From the records below, output exactly the lines running from the line containing "Kommunstyrelsen får köpa" through the line containing "中国华电集团公司水电与新能源技术监督管理办法(试行)", and no others.

━━━━━━━━━━

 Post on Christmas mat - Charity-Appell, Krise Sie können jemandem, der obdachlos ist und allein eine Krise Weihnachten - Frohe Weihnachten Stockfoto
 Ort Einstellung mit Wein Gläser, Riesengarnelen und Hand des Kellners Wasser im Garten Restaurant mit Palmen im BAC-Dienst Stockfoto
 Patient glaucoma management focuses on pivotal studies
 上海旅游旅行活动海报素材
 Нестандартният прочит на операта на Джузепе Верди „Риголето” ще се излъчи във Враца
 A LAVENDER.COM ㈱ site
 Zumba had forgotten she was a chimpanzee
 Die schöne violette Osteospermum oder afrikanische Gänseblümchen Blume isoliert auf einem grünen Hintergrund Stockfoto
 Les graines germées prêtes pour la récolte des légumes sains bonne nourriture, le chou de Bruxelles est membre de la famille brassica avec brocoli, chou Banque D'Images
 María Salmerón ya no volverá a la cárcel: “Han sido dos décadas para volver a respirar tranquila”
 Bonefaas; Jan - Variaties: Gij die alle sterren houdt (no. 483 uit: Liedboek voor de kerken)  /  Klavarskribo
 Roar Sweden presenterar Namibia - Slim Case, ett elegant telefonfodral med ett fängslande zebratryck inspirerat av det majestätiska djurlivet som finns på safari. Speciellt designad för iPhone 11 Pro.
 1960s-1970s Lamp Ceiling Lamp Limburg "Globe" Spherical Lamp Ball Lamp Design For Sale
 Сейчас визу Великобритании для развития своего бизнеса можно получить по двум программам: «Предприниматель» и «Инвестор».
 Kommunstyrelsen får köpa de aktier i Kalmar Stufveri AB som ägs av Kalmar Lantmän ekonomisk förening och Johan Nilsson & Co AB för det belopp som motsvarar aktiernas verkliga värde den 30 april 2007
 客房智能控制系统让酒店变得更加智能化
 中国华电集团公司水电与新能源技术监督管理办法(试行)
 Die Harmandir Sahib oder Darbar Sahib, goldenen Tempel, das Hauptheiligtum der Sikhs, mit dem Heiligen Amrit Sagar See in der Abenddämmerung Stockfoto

━━━━━━━━━━

● **Completed task**:
 Kommunstyrelsen får köpa de aktier i Kalmar Stufveri AB som ägs av Kalmar Lantmän ekonomisk förening och Johan Nilsson & Co AB för det belopp som motsvarar aktiernas verkliga värde den 30 april 2007
 客房智能控制系统让酒店变得更加智能化
 中国华电集团公司水电与新能源技术监督管理办法(试行)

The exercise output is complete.